The action by the central banks during 2014 into the 2016 election, did not allow the market opportunity to correct in search for support.  In other words, there was no price discovery in the “market”.  If there was no price discovery, was it even a market?  By not doing so, this did not give buyers a chance to get in at lower prices.  Who cares right? If the market continued higher, no matter where you bought the market you were making money over the long run.  Well this created the bubble that were seeing pop today.  The election of Trump in 2016 was followed by aggressive policies that gave businesses opportunity to thrive.  Manufacturing jobs which were dubbed as gone were beginning to return, cutting regulations, and pro market policies led the market to expand away from 2000 into highs of 2878 in January of 2018 after Trump’s first year in office. 

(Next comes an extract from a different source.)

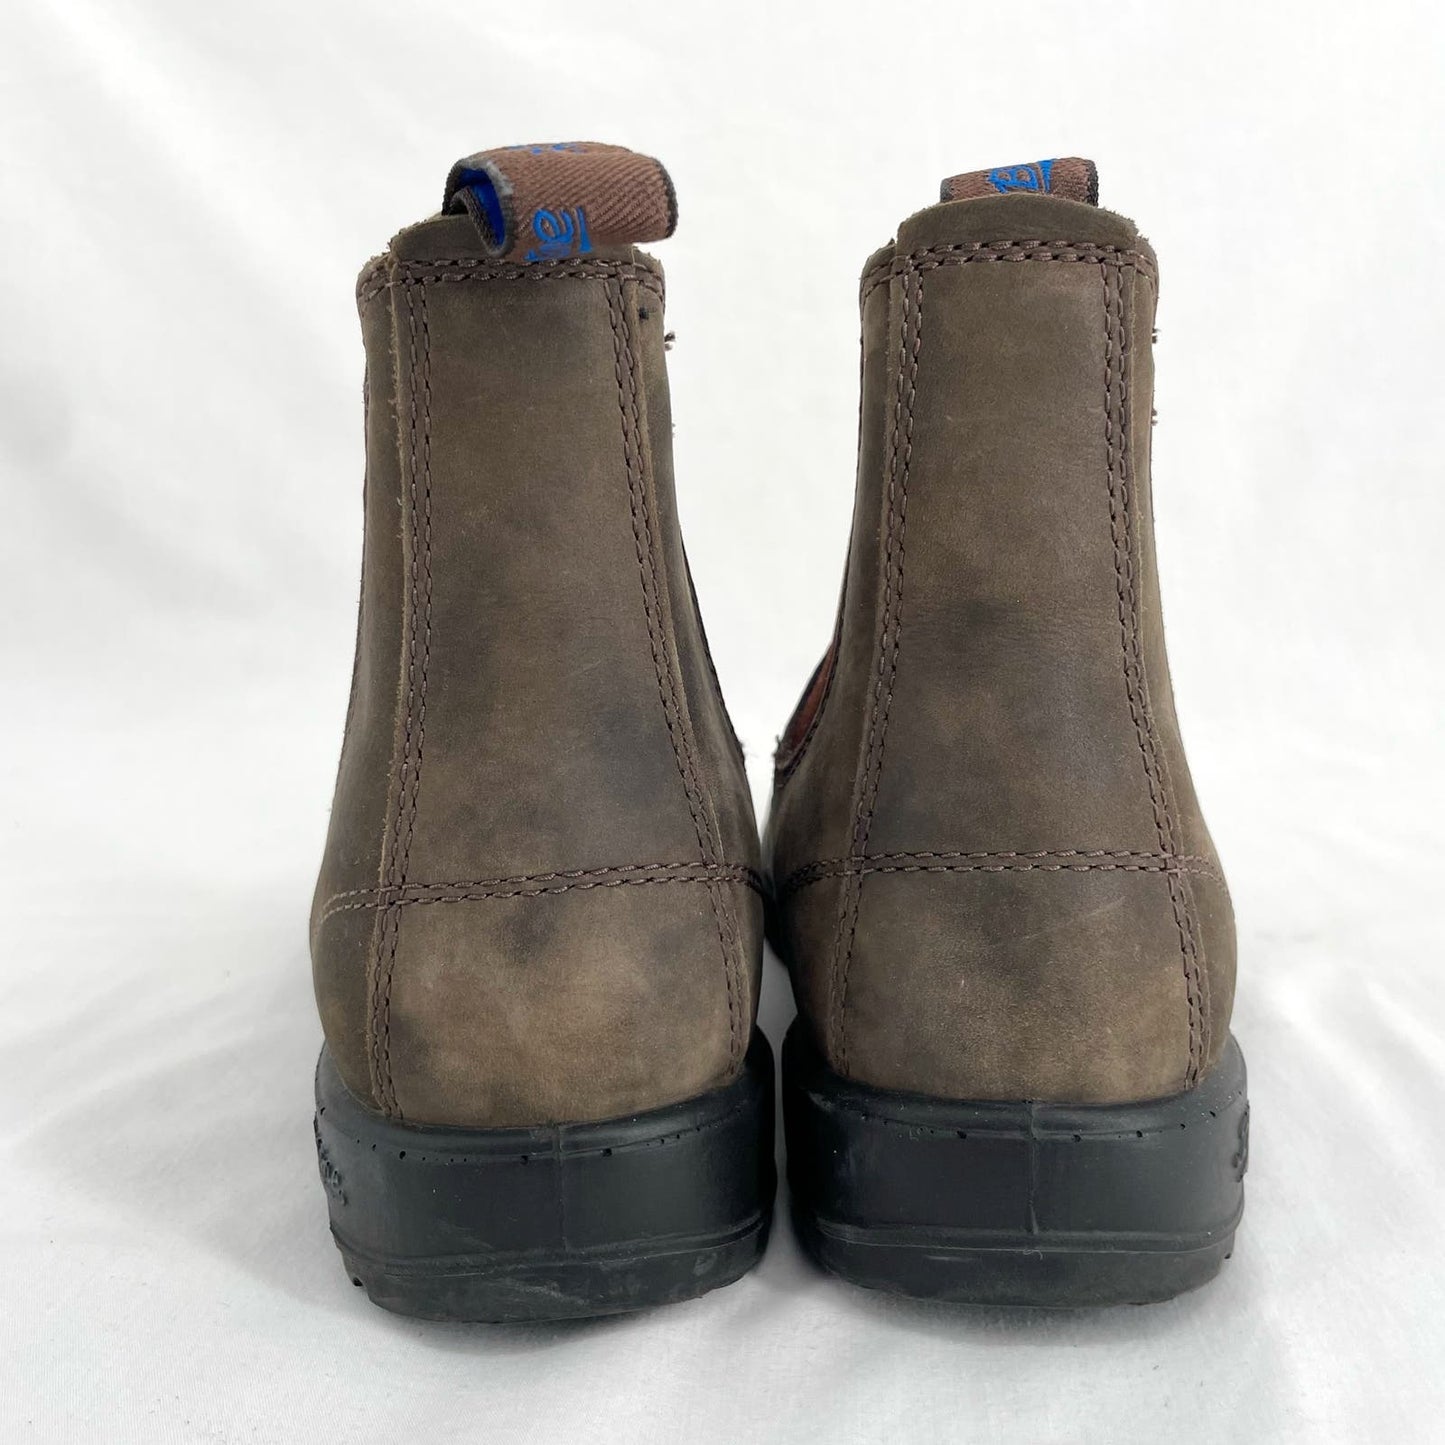 Blundstone #584 Rustic Brown Thermal Leather Chelsea Style Insulated Work Boots Size AU 5.5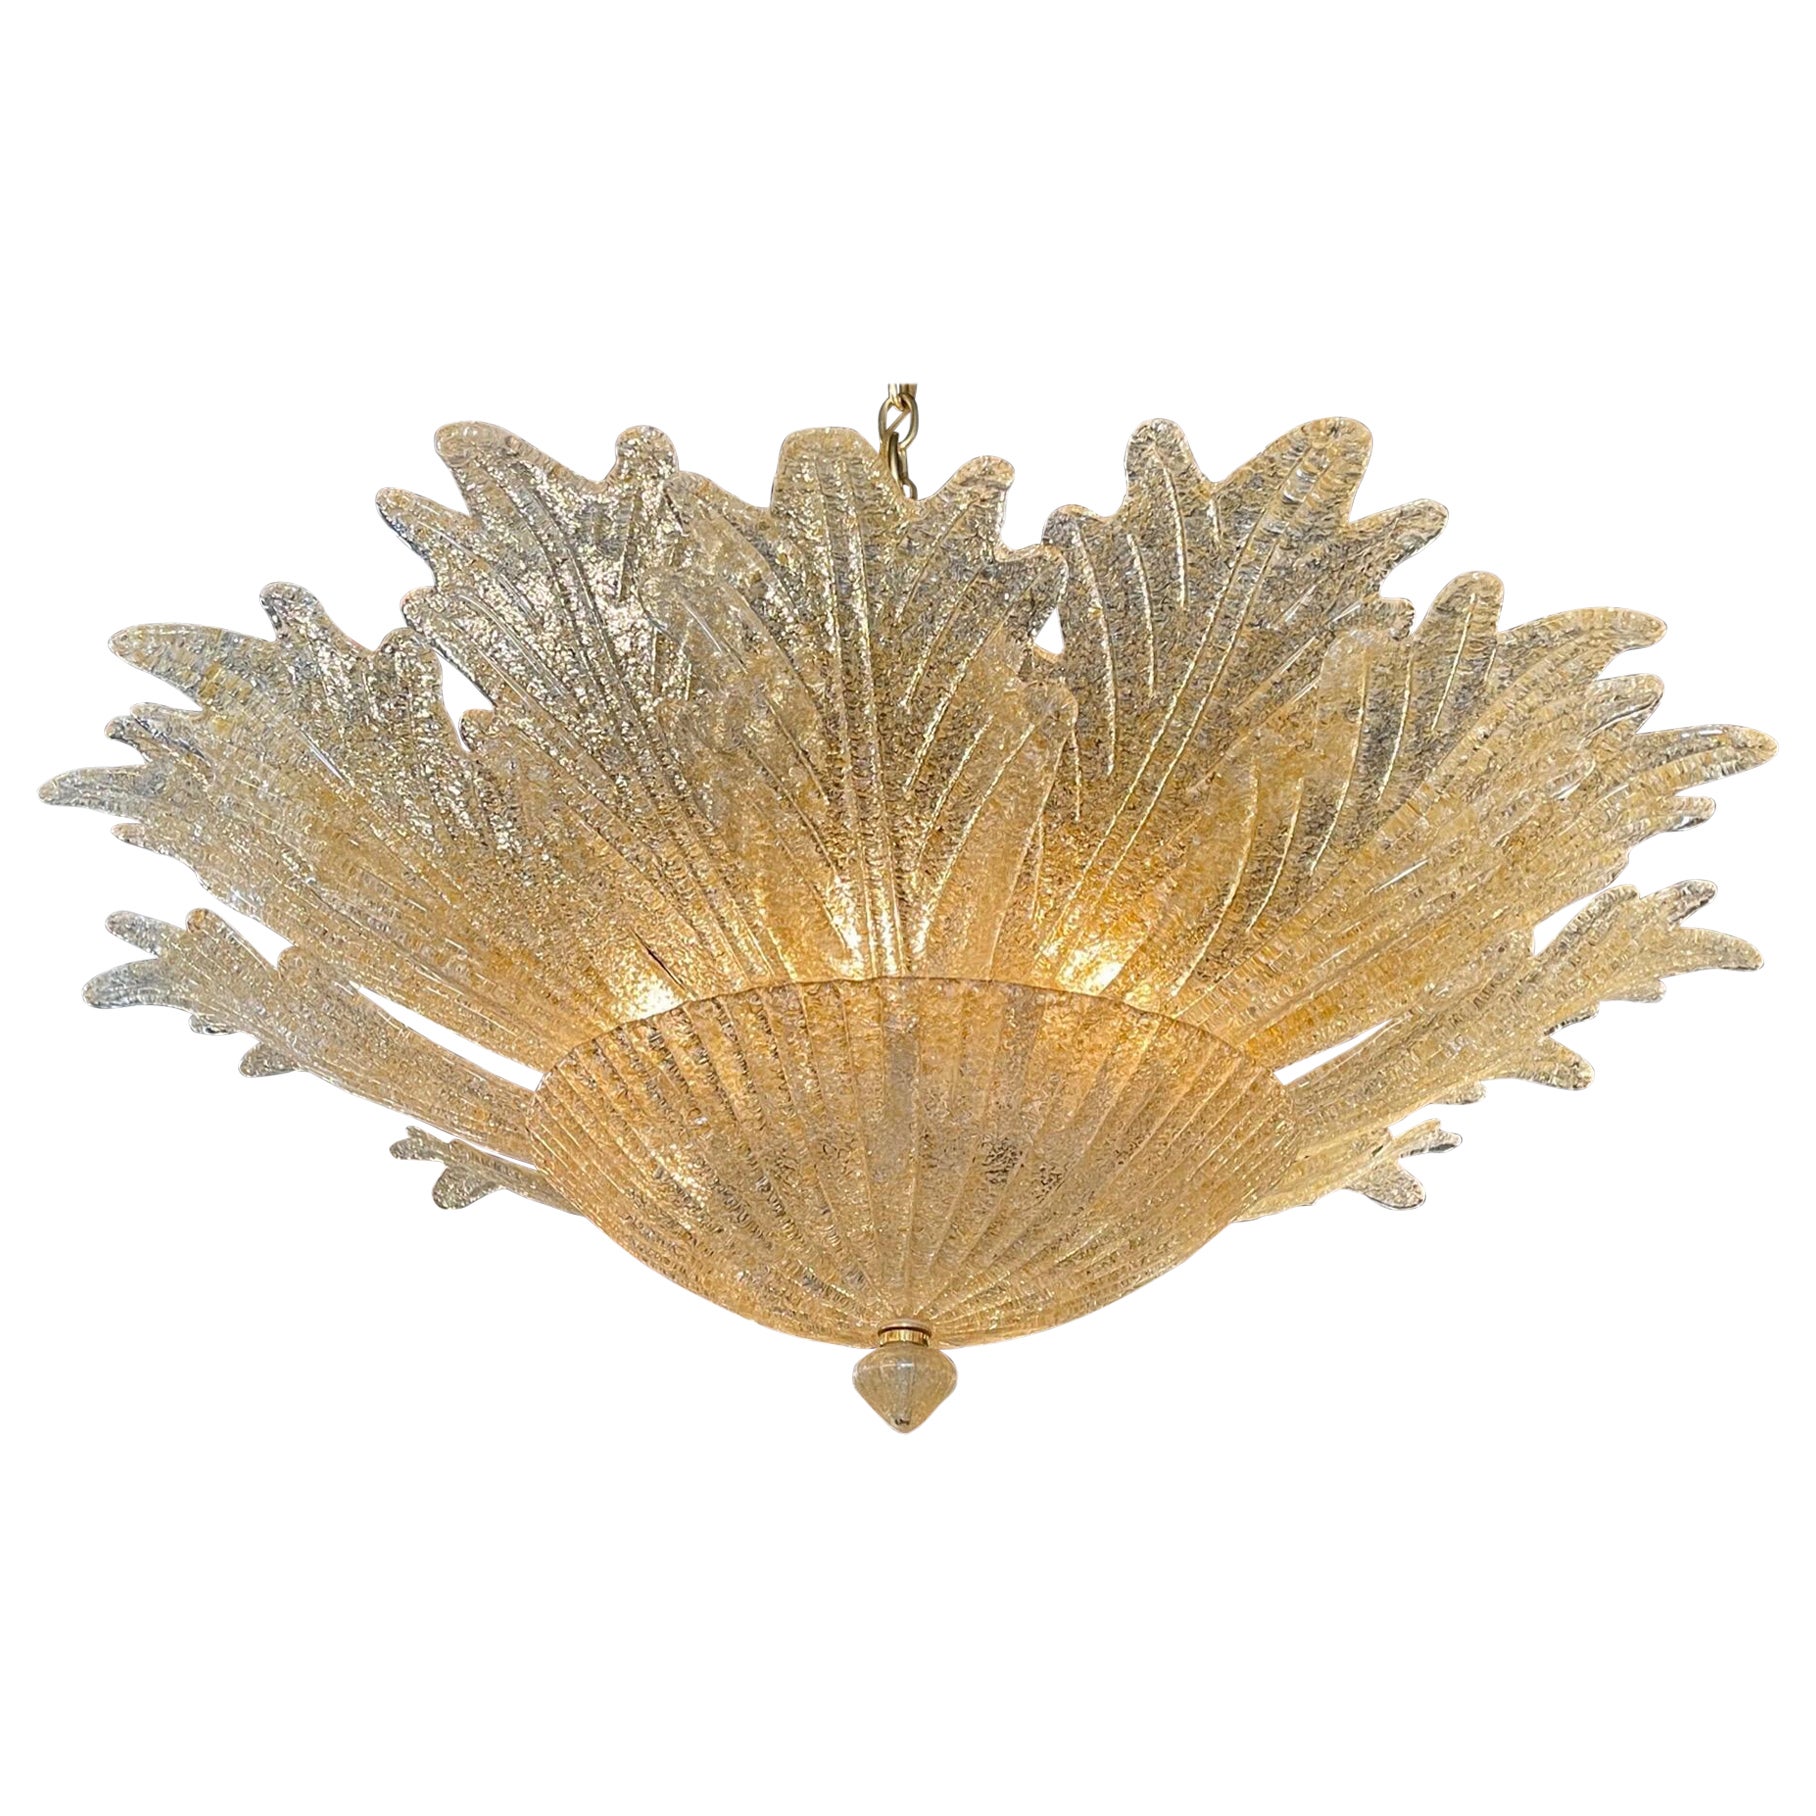 Murano Glass Gold Flecked Leaf Form Ceiling Mount Fixture

What the central banks did during 2014-2016 by holding the market and not allowing for a correction, gave way for the bubble to be created as the market expanded away after the election.  The market attempted to correct in 2018 after peaking at 2878 in January, falling to a low of 2316 in December.  Volatility returned and buyers that chased the market in 2018 were either shaken out, or took pain as they saw the market go against them. Worried traders and investors began to get bearish.  This turned into a massive trap as the markets put in a V bottom in January of 2019 to set a bullish 6 month bias, expanding the market higher into new highs of 2969 in June of 2019.  Squeezing short sellers and to the surprise of longs, seeing the market recover into new highs.  Once again in the second half of 2019 the market attempted to correct, in August the market established a bearish bias that lured in short sellers, failing to see expansion in October.  As the market attempted to correct, what did the Fed do? Did they allow the market to discover price? Allow it to function normally? Whether it was to correct or not? No.  The Fed announced plans to expand the balance sheet and insisted it was not QE. On November 1st I asked a question, was a short capitulation coming? I asked this because short sellers from August and October were caught on the wrong side with the market reversing its bear bias late October and those short sellers were fuel to expand the market higher. The market never looked back.  Short sellers were forced to cover, expanding the market up to a high of 3245 in December. 

 

So after the market attempted to correct in 2018, longs were given a scare, but were saved in 2019.  If they saw stocks go against them, they were given a second chance to get out.  You know the saying, bulls make money, bears make money, and hogs get slaughtered? Well 2019 was a gift from the Fed to bulls to take their profits.  What do you think happened? Did bulls say ok now it’s time to get defensive and take profits? Absolutely not.  Bulls got greedy.

 In an article from CNBC on January 19, it said:

“Investors with $1 million or more in brokerage account are significantly more bullish than they were a quarter ago”

In the article, it states hedge fund billionaire David Tepper saying “I love riding a horse that’s running.” Later in the article he is quoted saying “the market will get to a level that I will slow down that horse and eventually get off.”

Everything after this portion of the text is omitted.